# WHAT TO PRODUCE
In the entries that follow, find the line containing "GraphicRiver Butterfly Garden Logo 11300174" and the line containing "Screenshot_20200205_003035_com.tubebuddy.tubebuddy_mobile.jpg", then retype exactly the lines from the first through the second, pictures excluded.

# INPUT MATERIAL
□ □ □
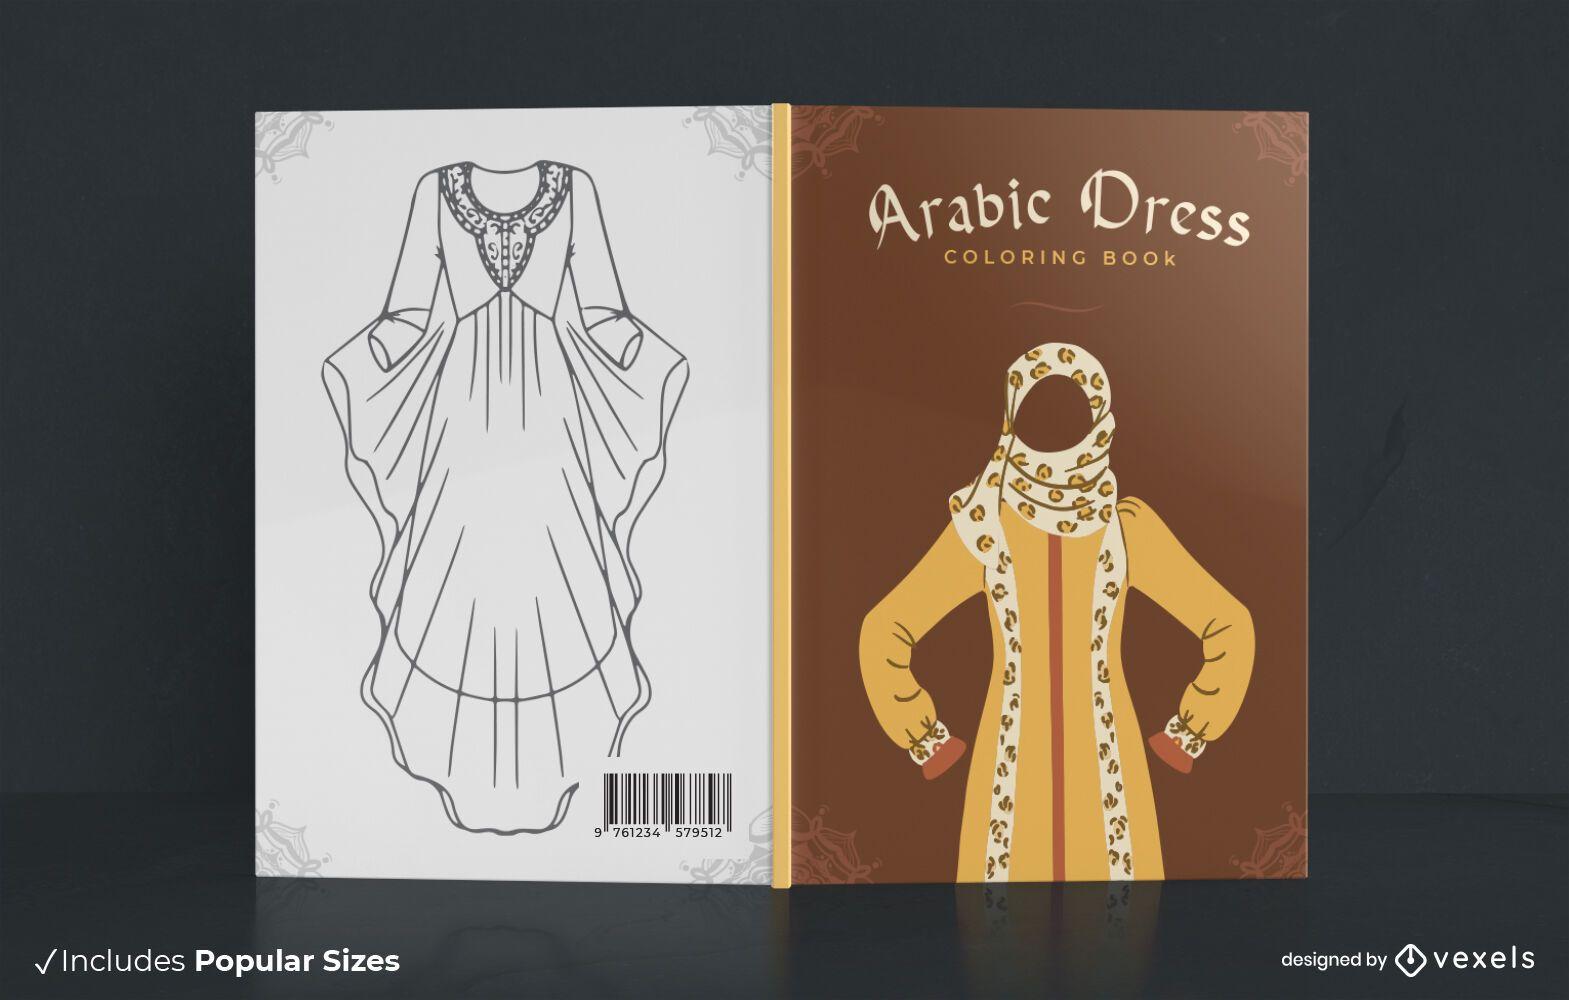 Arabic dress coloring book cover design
□ □ □
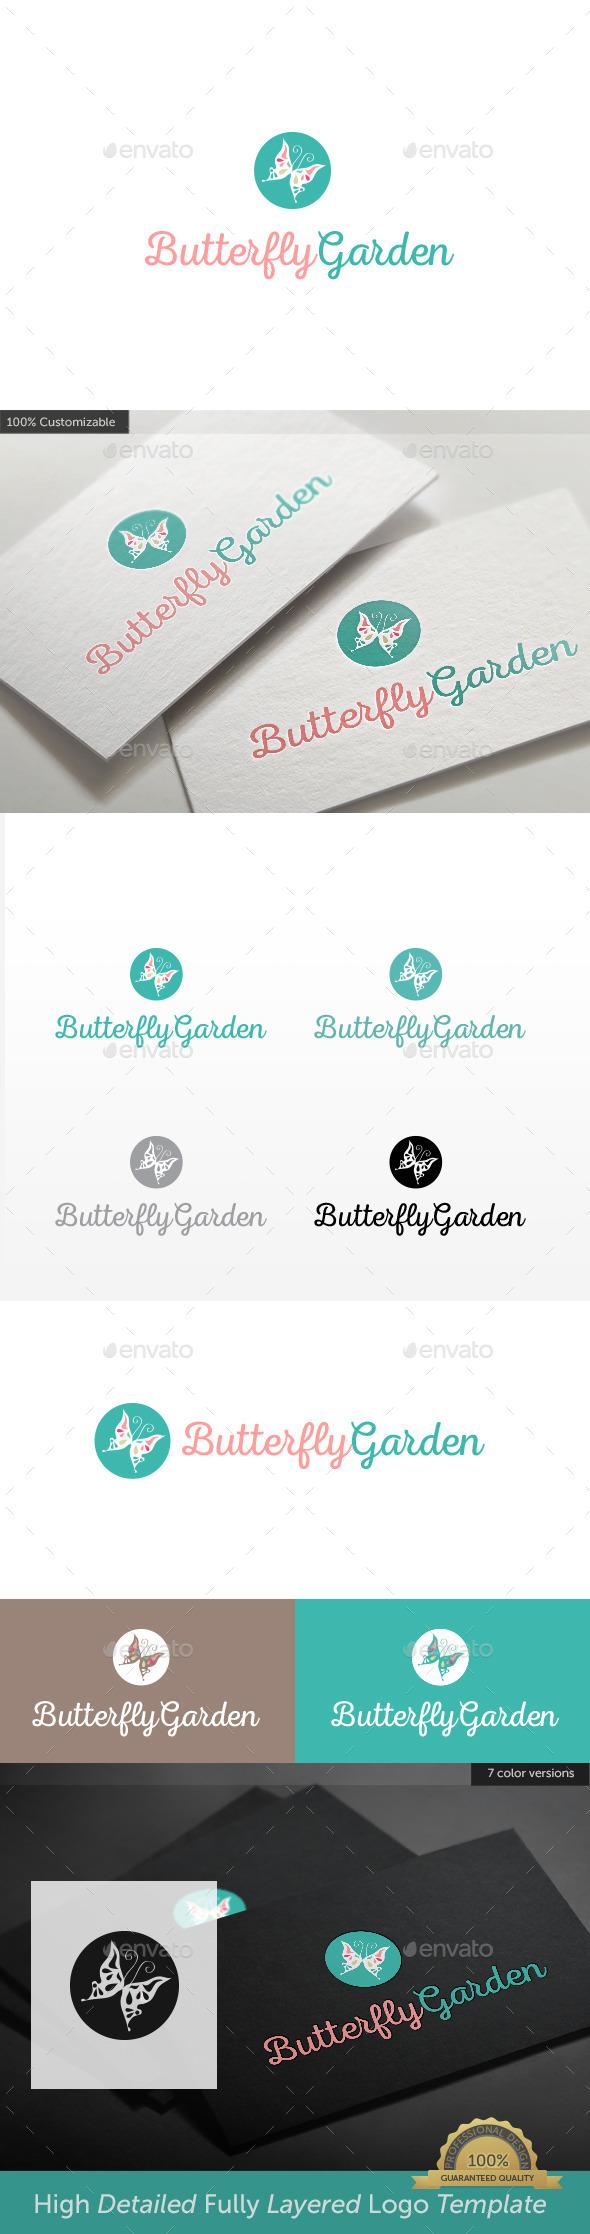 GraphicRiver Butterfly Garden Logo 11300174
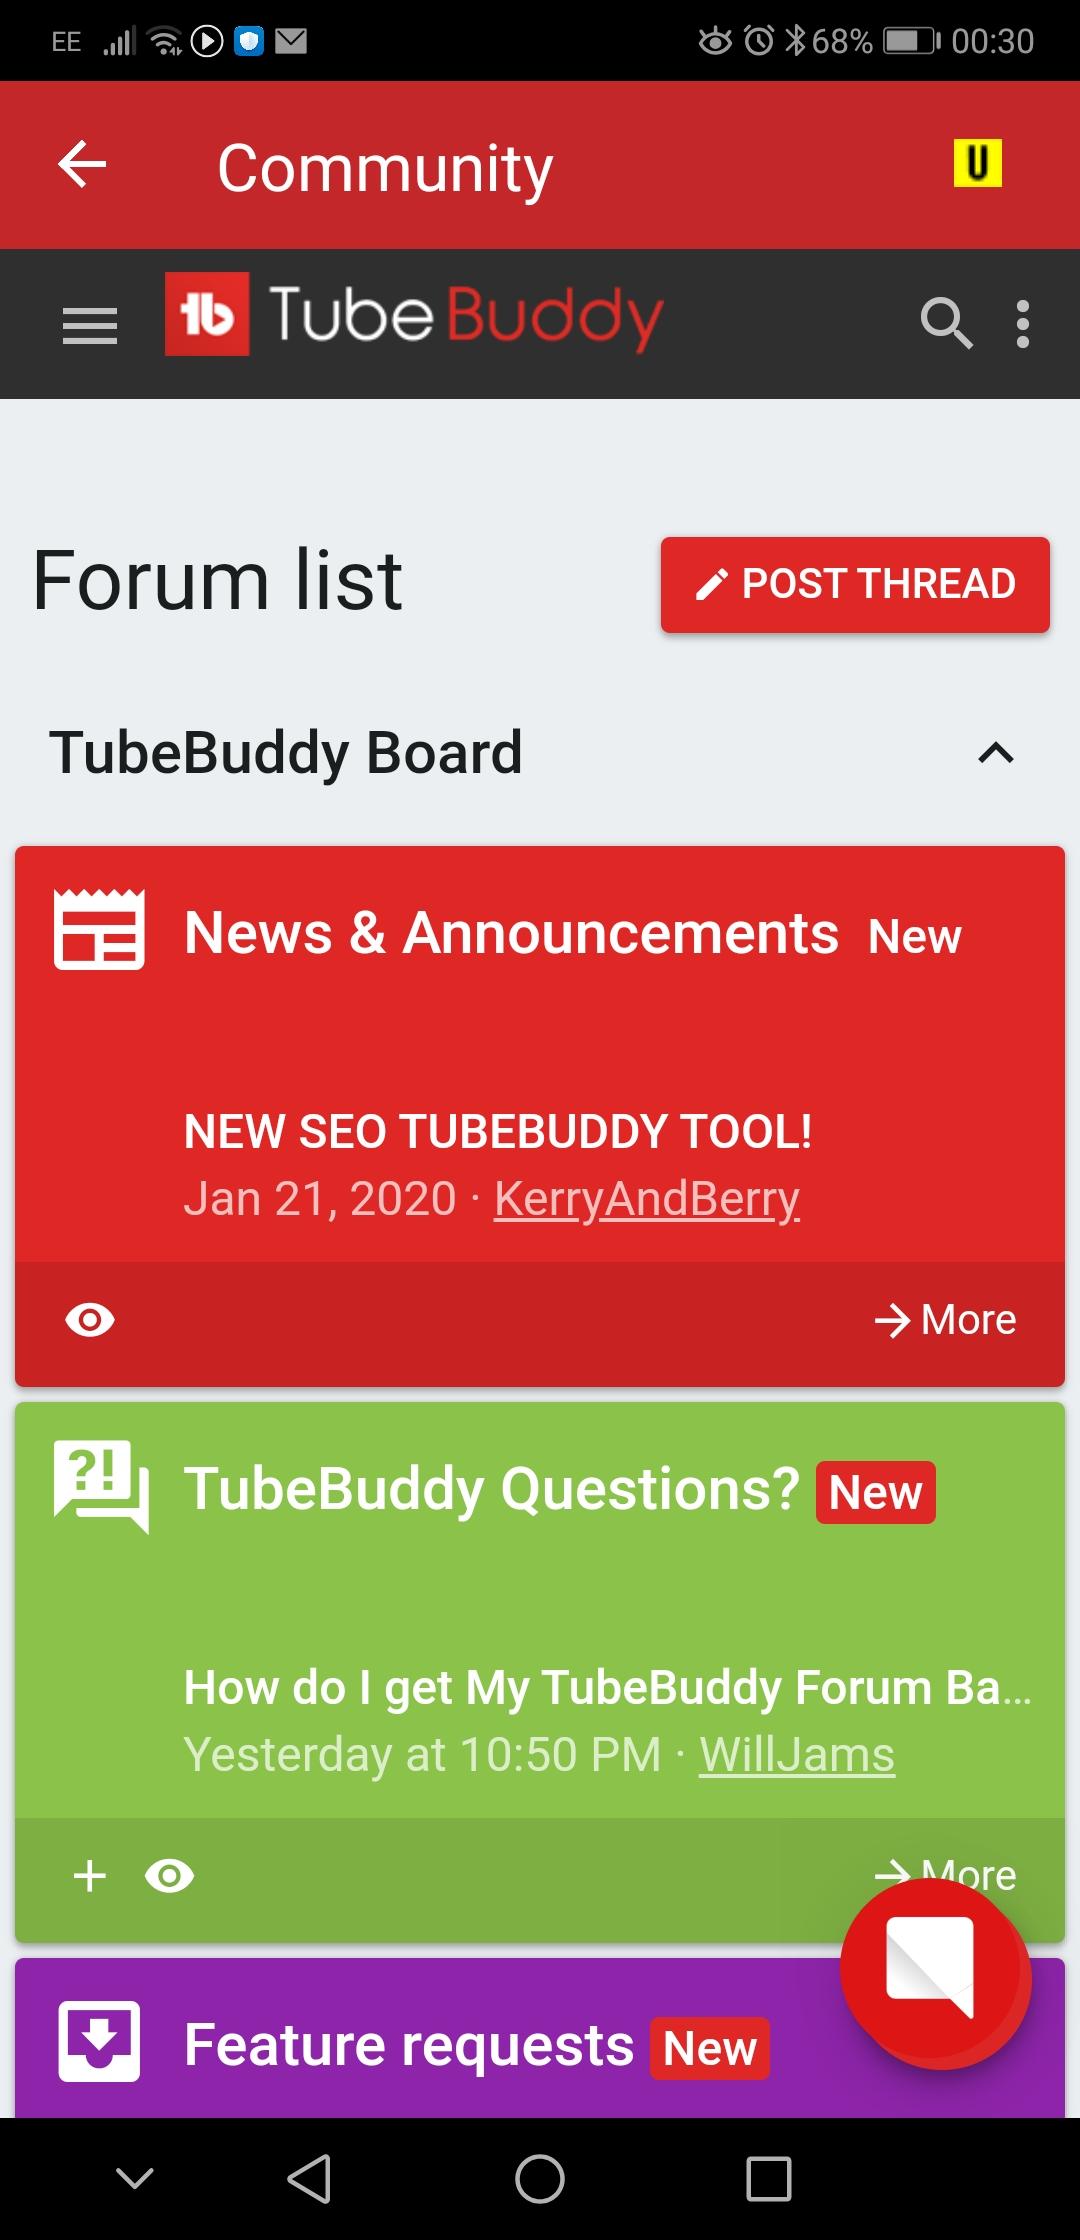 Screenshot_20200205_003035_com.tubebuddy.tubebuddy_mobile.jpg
□ □ □
# ANSWER FOR THE TASK
 GraphicRiver Butterfly Garden Logo 11300174
 Screenshot_20200205_003035_com.tubebuddy.tubebuddy_mobile.jpg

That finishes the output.